Activity: Return only that part of the material below which starts with the line containing "All gave some, some" and goes on through the line containing "#VEday #Heroes", restated exactly.

Exercise material:

========

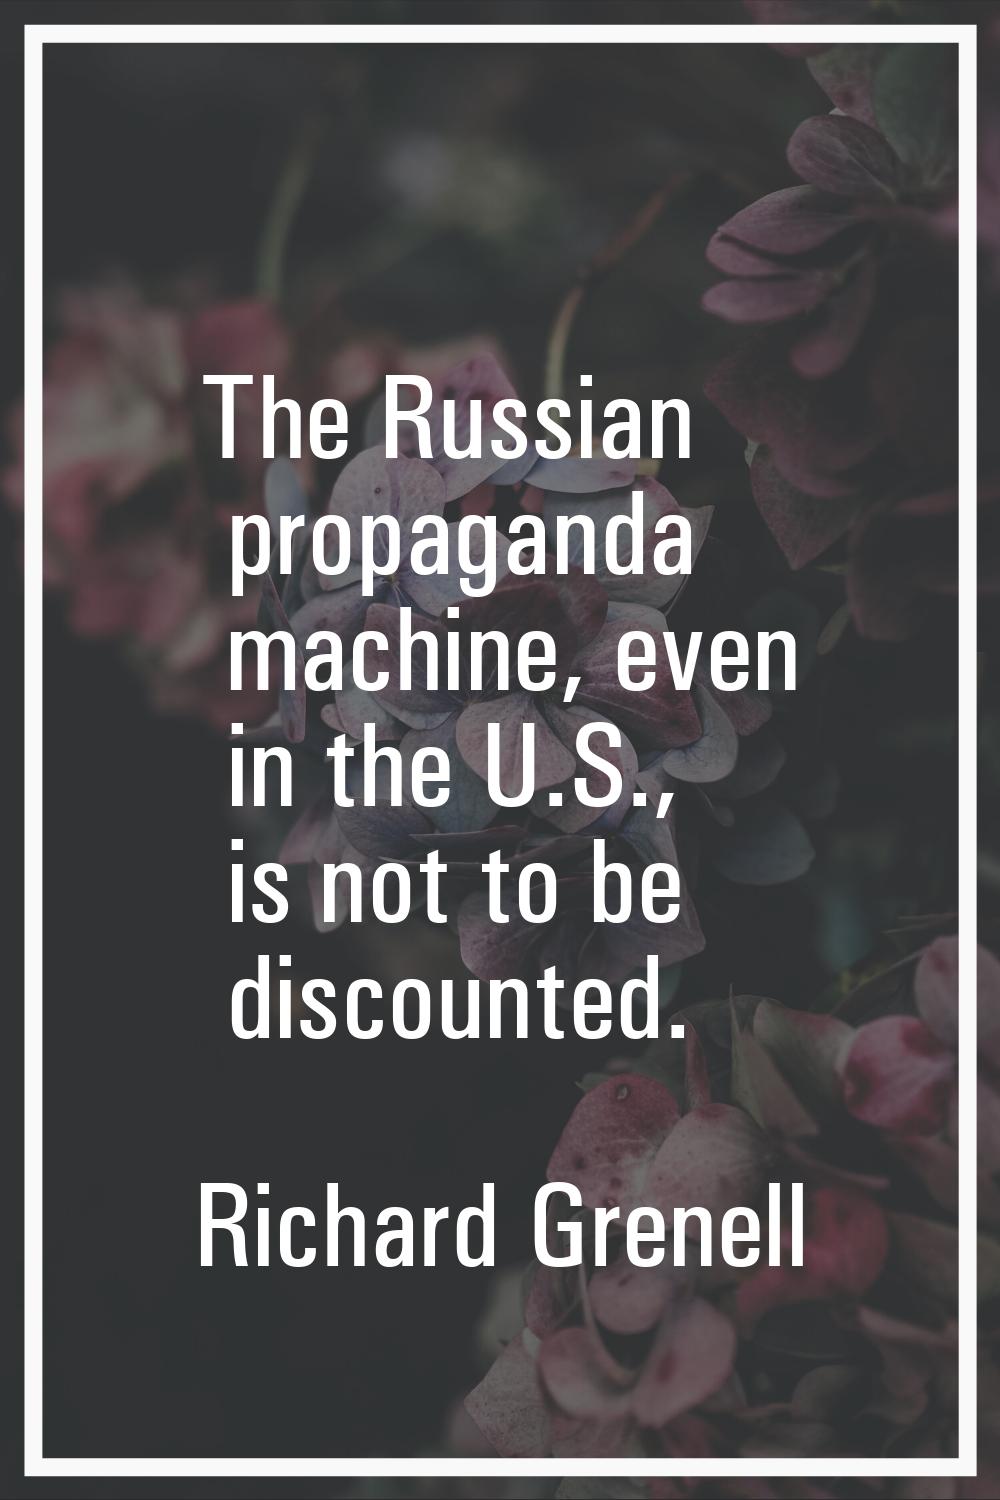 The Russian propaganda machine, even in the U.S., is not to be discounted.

========

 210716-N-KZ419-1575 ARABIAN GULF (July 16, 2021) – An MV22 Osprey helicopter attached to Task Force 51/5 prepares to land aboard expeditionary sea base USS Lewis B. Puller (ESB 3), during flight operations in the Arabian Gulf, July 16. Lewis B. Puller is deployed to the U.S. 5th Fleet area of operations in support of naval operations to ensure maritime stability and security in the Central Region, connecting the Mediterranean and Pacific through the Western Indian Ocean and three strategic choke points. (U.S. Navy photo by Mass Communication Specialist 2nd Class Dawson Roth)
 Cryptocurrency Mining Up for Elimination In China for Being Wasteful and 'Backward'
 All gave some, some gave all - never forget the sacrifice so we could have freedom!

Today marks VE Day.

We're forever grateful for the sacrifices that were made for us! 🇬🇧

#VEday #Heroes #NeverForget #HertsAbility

========

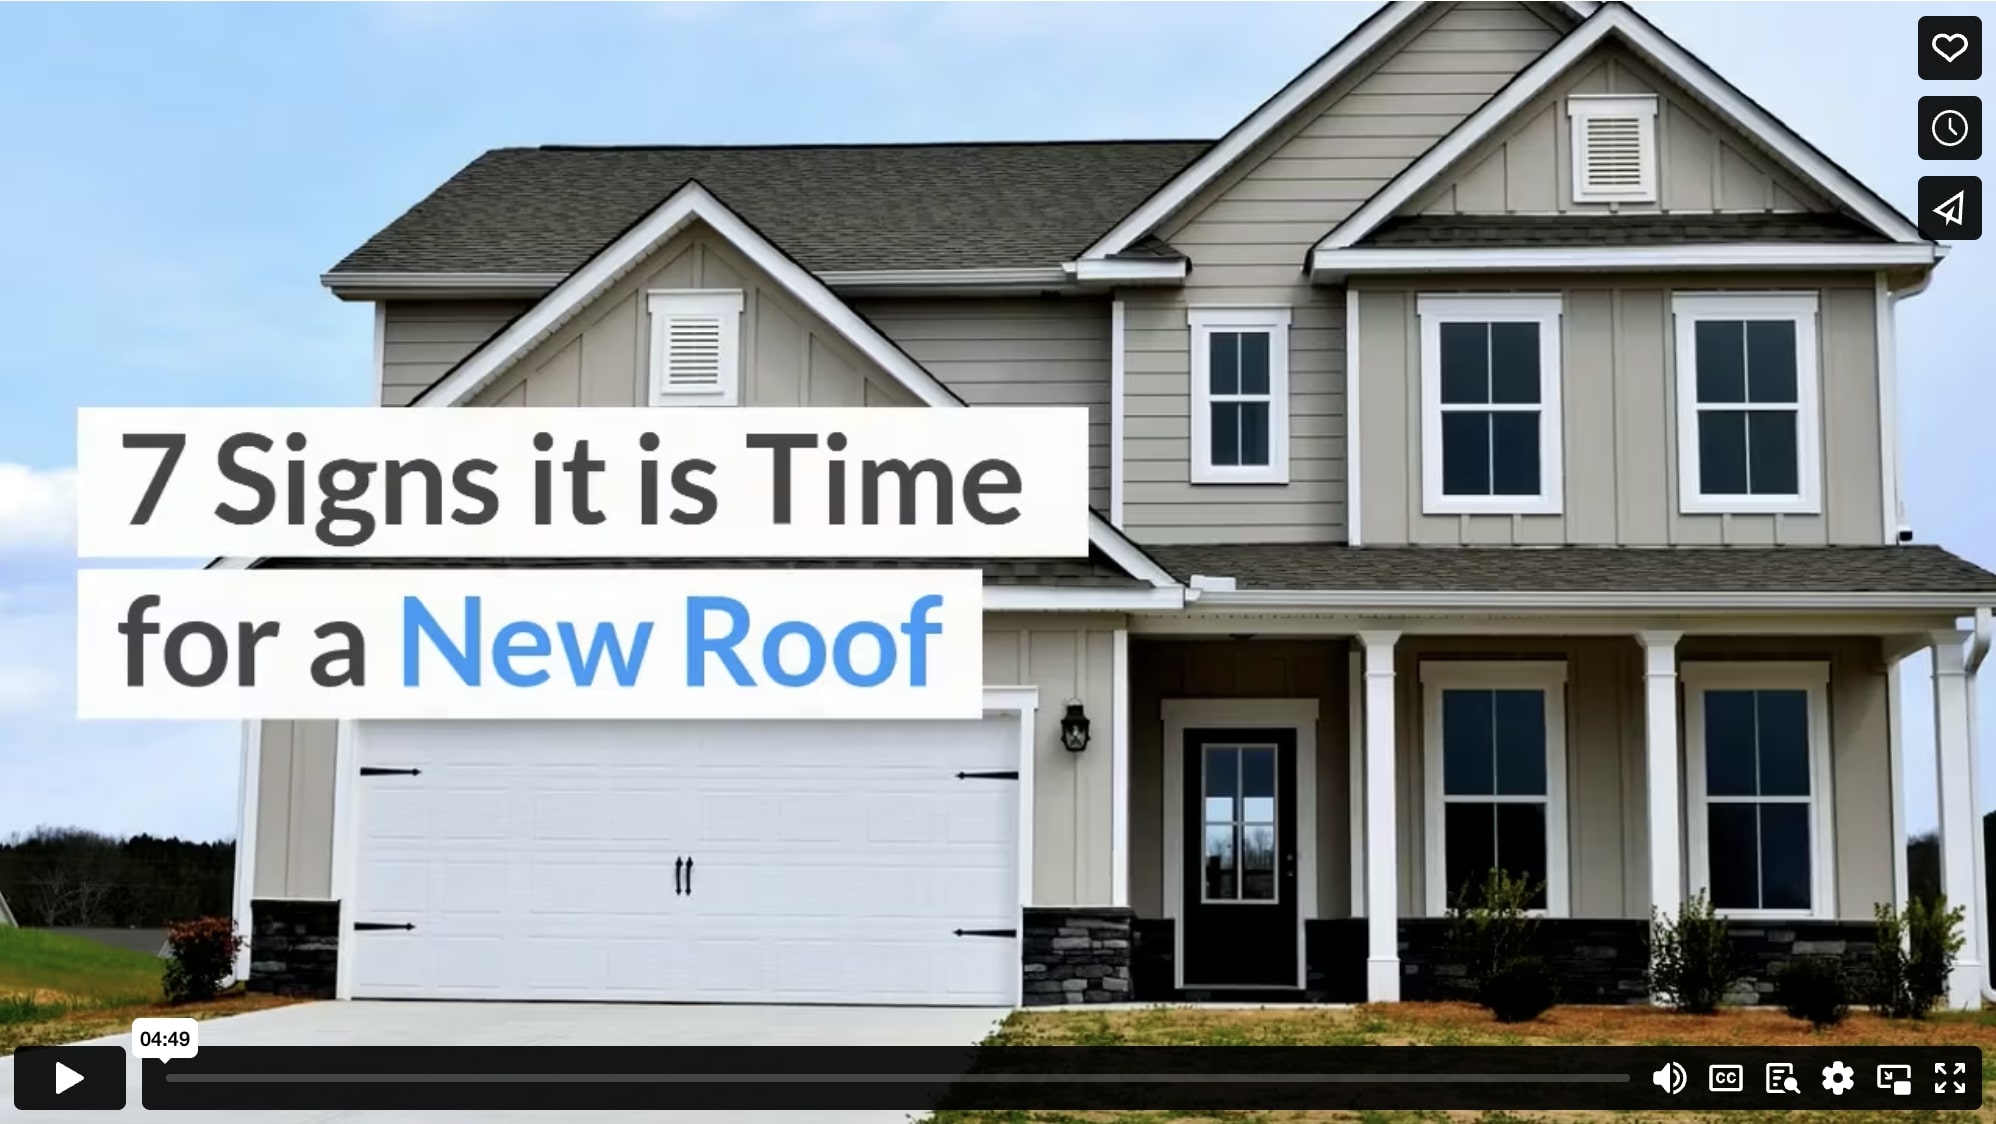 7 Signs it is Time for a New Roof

========

Exercise response:
 All gave some, some gave all - never forget the sacrifice so we could have freedom!

Today marks VE Day.

We're forever grateful for the sacrifices that were made for us! 🇬🇧

#VEday #Heroes #NeverForget #HertsAbility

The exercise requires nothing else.